How to increase your gas mileage by 70%
Sounds too good to be true . . . but by using these extreme tactics, it's possible to save big at the pump. On an episode of Discovery Channel’s “MythBusters,” They tested whether a few techniques collectively known as “hypermiling” can double your fuel economy. They took two cars, a new sedan and an older coupe, and drove normally as far as they could on exactly 3 gallons of gas. They then repeated the process using hypermiling techniques.
The results? The new car was able to drive 40% farther while hypermiling (30 miles per gallon, up from 21.3 mpg), while the older car went 70 percent farther (45.3 mpg, up from 26 mpg). The myth is busted, because they couldn’t double their fuel economy, but a 70% improvement is impressive. And it could save a lot of money at the pump.
Only driving techniques and modifications legal in Californiawere employed, so everything they did to get that massive improvement in miles per gallon is probably legal for you, too. But since laws vary from state to state, you’ll want to make sure anything you pull from this list is permitted.
Here’s what to do:
Never drive above 45 mph: Yes, this includes highways. And yes, you’ll make a lot of enemies. But if you can pull off driving no faster than 45 mph, you’ll use a lot less fuel.
Remove passenger side mirror: The thinking here is that by reducing wind resistance, you’ll improve mileage. Removing things sticking out from the side of your car should do that.
Avoid braking and rapid acceleration: This is the foundation of hypermiling. Not only do you need to gradually bring your car up to speed, but also drive to minimize braking. This means driving slower overall, looking as far ahead as possible, and braking less around turns.

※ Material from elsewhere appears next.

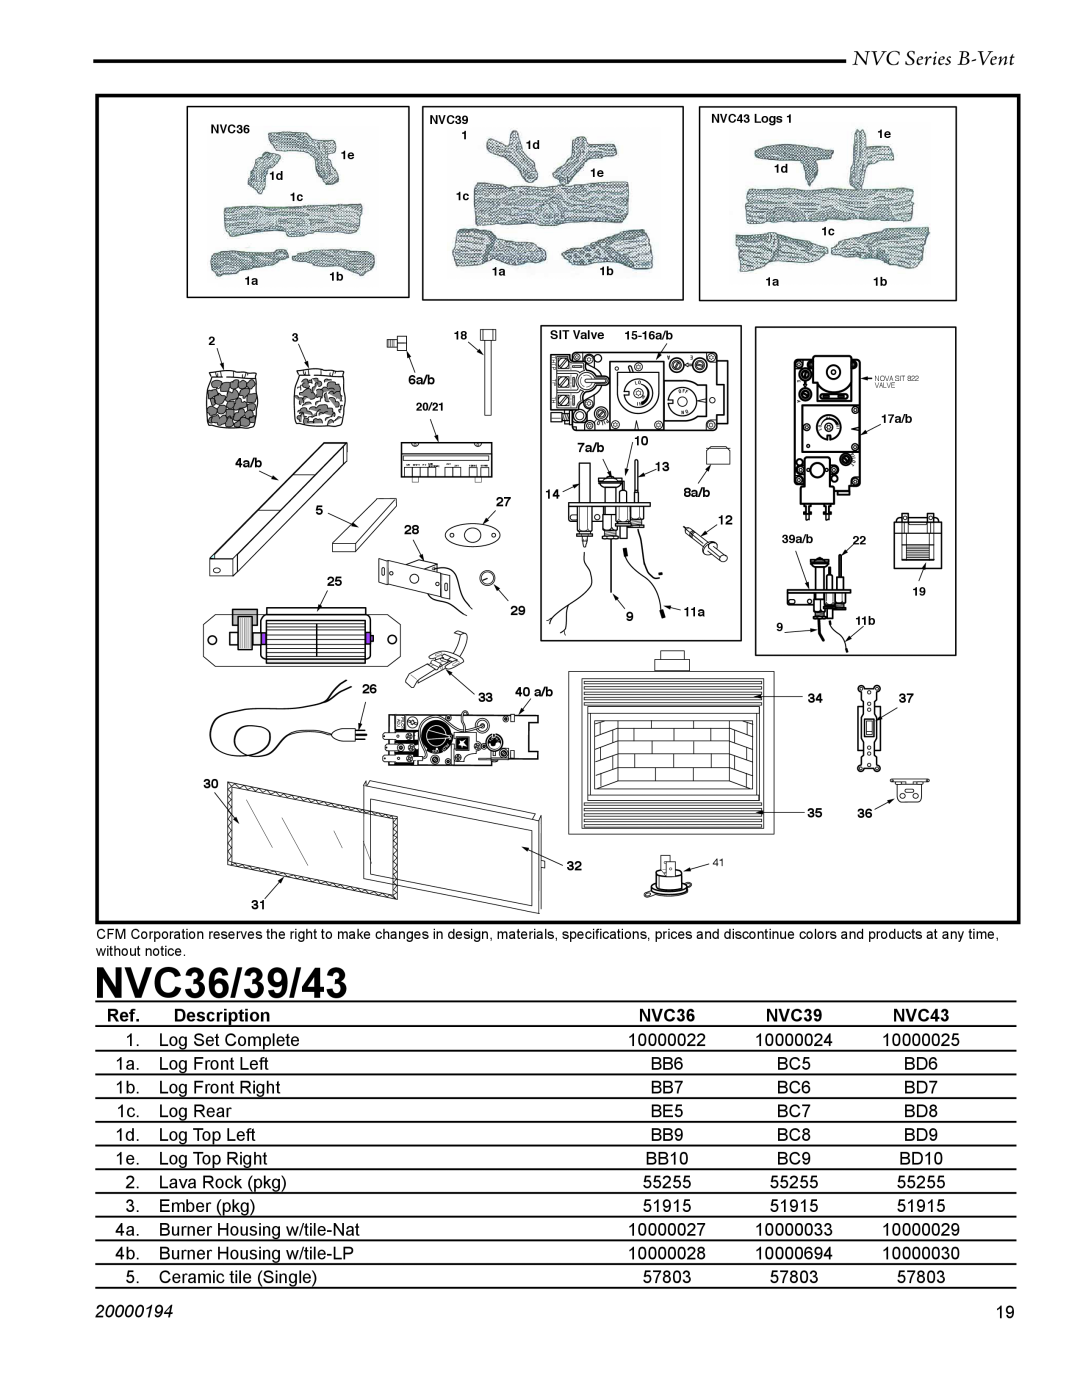 Vermont Casting NVC43, NVC39 warranty NVC36/39/43, NVC Series B-Vent, Description, 20000194

Turn off engine at red lights: If the engine is off, you’re not using gas. If you can ignore a little horn honking and spiteful hand gestures you’ll get from the cars behind you while you start back up when the light turns green, you’ll spend less on gas.
Windows up/AC off
If you can stand the heat, you can save some money. By keeping your windows up and the AC off, you reduce the strain on your engine and maintain the aerodynamics of your car.
Try to stay relaxed
Angry drivers burn more fuel. It’s a myth that “MythBusters” has already tested, but the lesson learned has become part of hypermiling. If you feel yourself getting stressed behind the wheel (and if you’re driving without AC no faster than 45 mph on the freeway and turning your engine off at every red light, you probably will) try taking a few deep breaths to calm down and remember that your goal is zen-like fuel savings.